The Broader Meaning of NY-9

Last night’s victory for Republican Bob Turner in NY’s 9th Congressional District was not as resounding as the 22-point blowout in Nevada’s 2d District, a district that is much more likely to play a role in contested Presidential and Senate races next year. And it shouldn’t be oversold, for some of the reasons Nate Silver identifies. But Sean Trende’s analysis is nonetheless a must-read regarding the broader trends it represents.
Also on a demographic note, this Atlantic article (aside from the error of forgetting – as I noted in the comments – that Rick Perry’s 2006 race was not his most recent election) is a good roundup of why Perry is the GOP candidate who offers the best hope of capturing a competitive share of the Hispanic vote, as he has traditionally done in Texas.
UPDATE: Closing comments due to a spambot invasion, which tends to happen when the blog isn’t updated frequently enough.

5 thoughts on “The Broader Meaning of NY-9”

  1. Sometimes there is no meaning. Except, as with the Brown case in Massachusettes, never take a vote for granted. You want to win, you campaign from day one until election day. The best case is in the funniest movie too few people ever saw: The Distinguished Gentleman. Vote for Jeff Johnson. The name you know.

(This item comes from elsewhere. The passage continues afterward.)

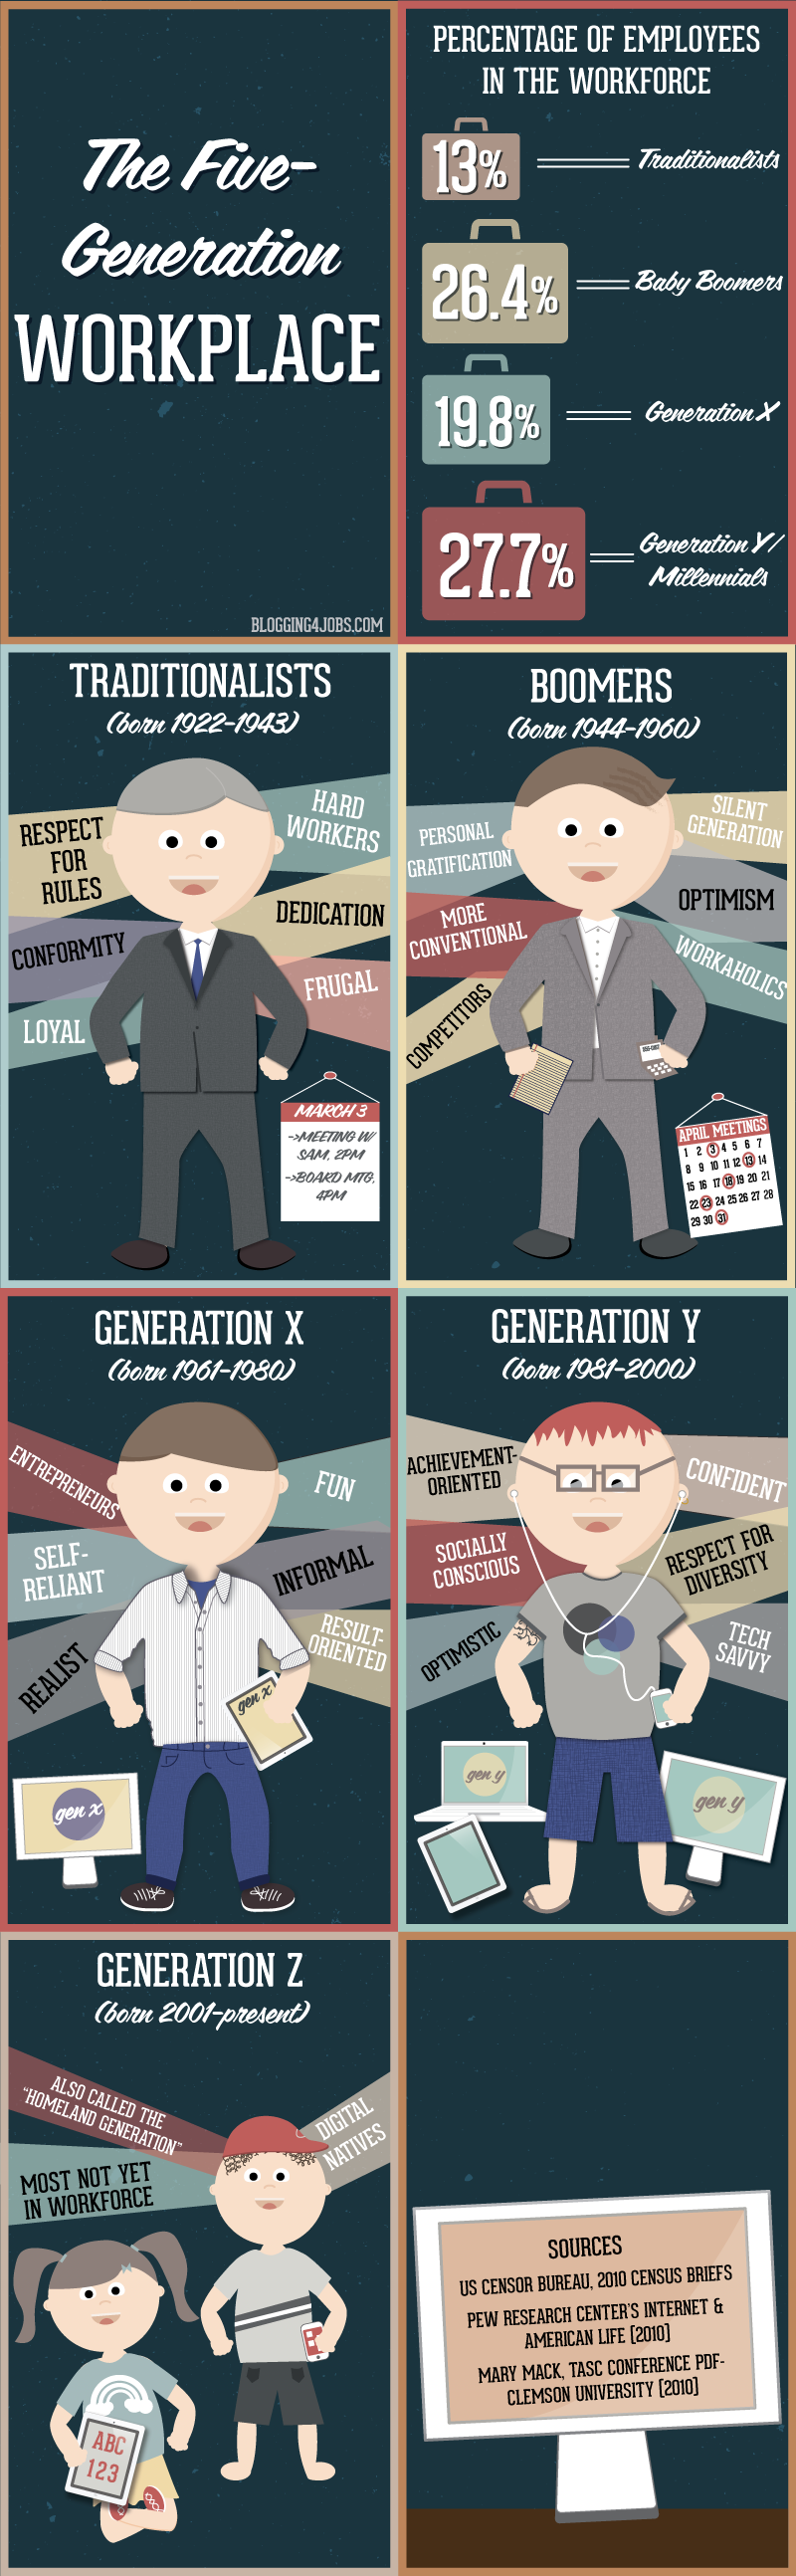 5 generaciones diferentes en el trabajo

  2. The tidal wave of anti-liberal/progressive ideas is coming. I think the Bamster will decide not to run for re-election because he could not handle losing.

  3. Certainly possible. LBJ did it, and there were few more politically savvy (or more ruthless, he made Nixon look gentle). But Lee, I don’t see a tidal wave. I see a ripple where most people are sick and tired of all of this shit. Next to Congress, Obama is the most popular person in the country. Of course, next to Congress, Hannibal Lechter is loved.